Intégré à la doctrine maritime de la « Patrie bleue » d’Ankara, qui revendique la souveraineté turque sur 430 000 kilomètres carrés de la Méditerranée et de la mer Égée, le corridor de drones crée une enclave technologique autour du Levant septentrional. Aucun acteur régional antérieur, pas même l’Iran à l’apogée de son influence, n’a mis en place un dispositif comparable.
Ce corridor brouille délibérément la frontière entre activités commerciales et militaires. Drones de transport et drones de surveillance partagent la même infrastructure. Le passage de l'un à l'autre se fait par une simple mise à jour logicielle.
Que se passera-t-il ensuite ?
L'encerclement de la Turquie pose un problème que les armes conventionnelles ne peuvent résoudre.
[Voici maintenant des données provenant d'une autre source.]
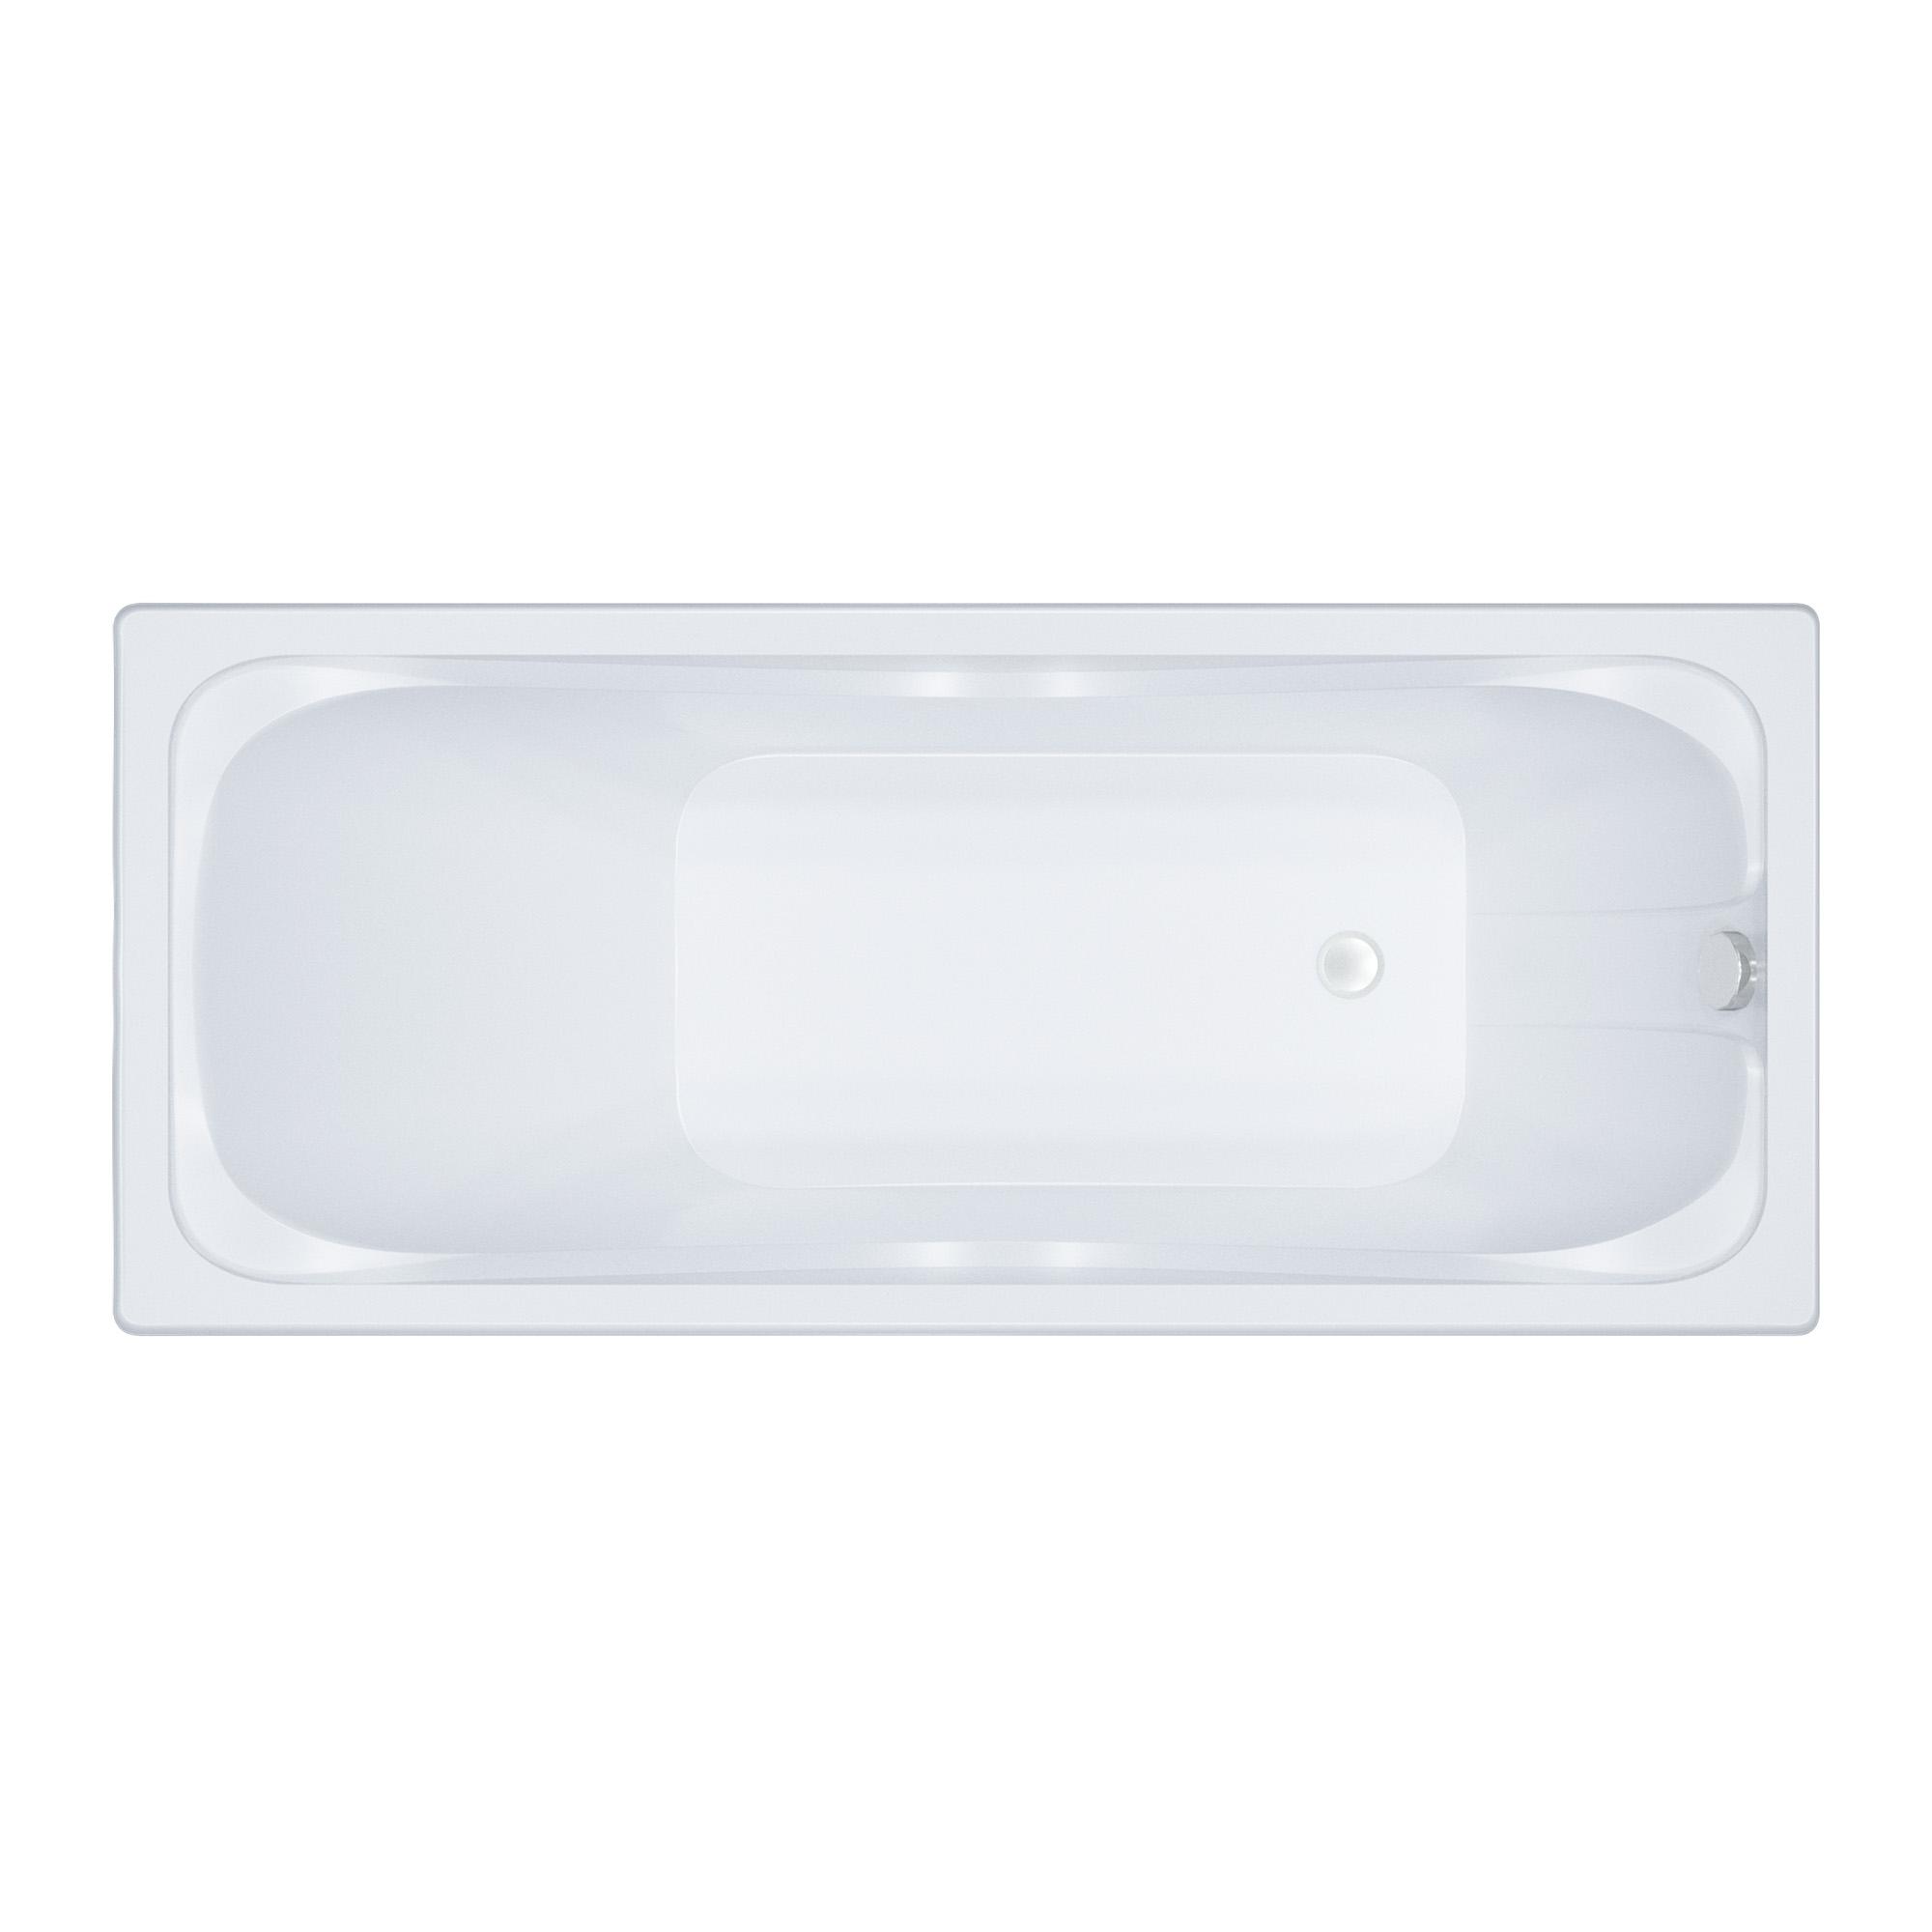 Акриловая ванна Тритон Стандарт 120 слив перелив alcaplast для ванны под бронзу a55 antic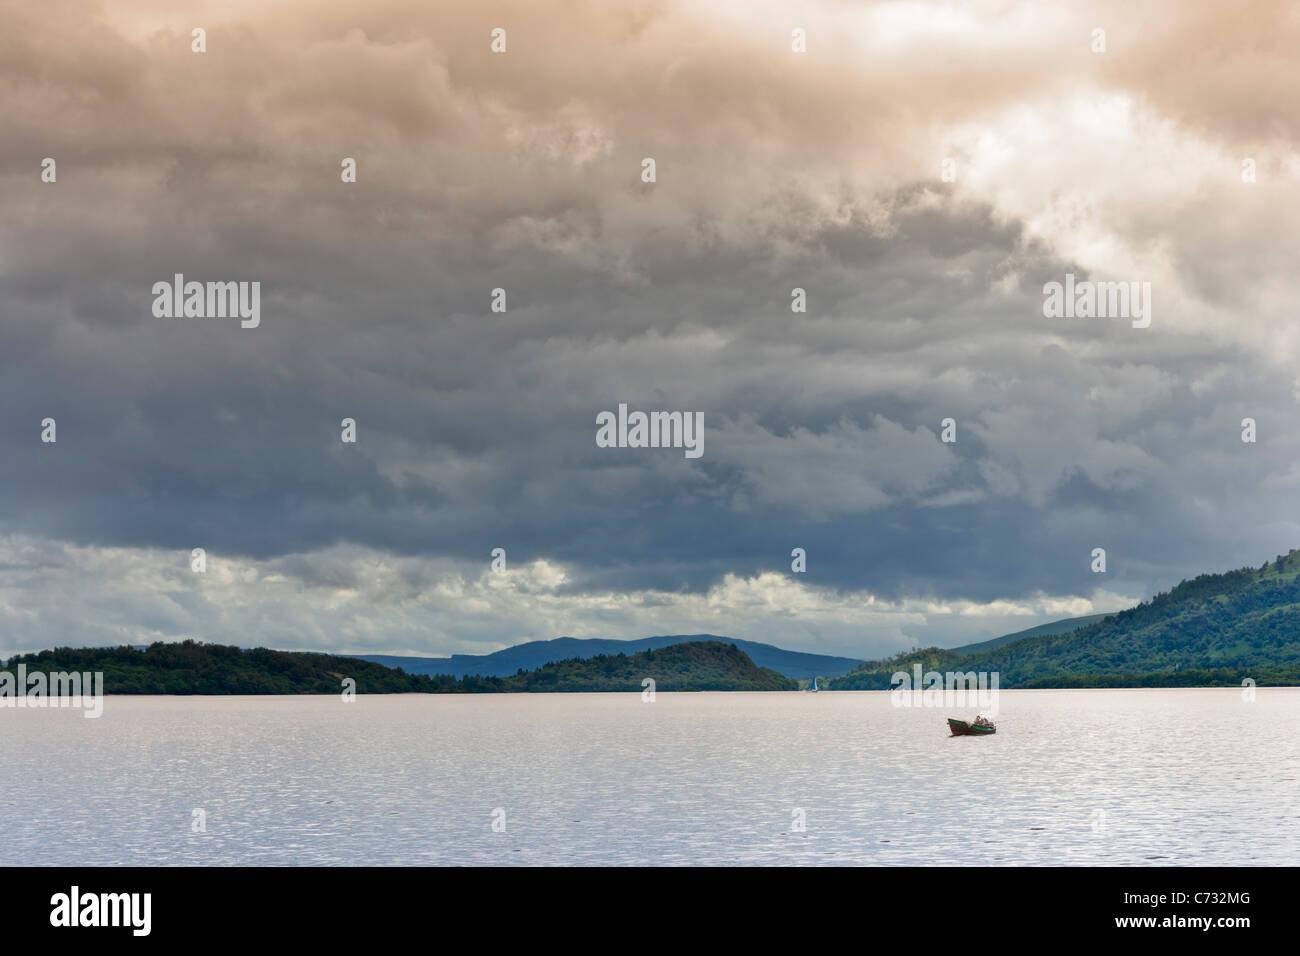 Small boat on Loch Lomond taken from the eastern shore near Rowardennan, Scotland, UK - Stock Image

Ankara est membre de l'OTAN, une économie du G20 et un État candidat à l'adhésion à l'UE. Ses conglomérats de construction opèrent sous le régime du droit commercial. Ses organisations affiliées aux Frères musulmans se présentent comme des organisations de la société civile. Ses bases de drones sont conçues pour un double usage.
Washington devrait collaborer avec Bruxelles pour conditionner la levée des sanctions contre la Syrie à des exigences de transparence empêchant les entreprises turques de monopoliser les contrats de reconstruction. Des services de renseignement financier devraient être mobilisés pour mettre au jour les liens avérés entre les réseaux d'entreprises liés à l'AKP et les filières iraniennes de contournement des sanctions.
Le cadre reliant les États-Unis , la Grèce, Chypre et Israël devrait être formalisé en une architecture de sécurité maritime spécifiquement conçue pour contrer les abus de pouvoir turcs en Méditerranée orientale.
L'Iran a affiché haut et fort ses ambitions régionales et s'est heurté à des coalitions, des sanctions et des frappes aériennes.
La Turquie ne fait aucune annonce. Ce silence n'est pas rassurant, il est méthodique.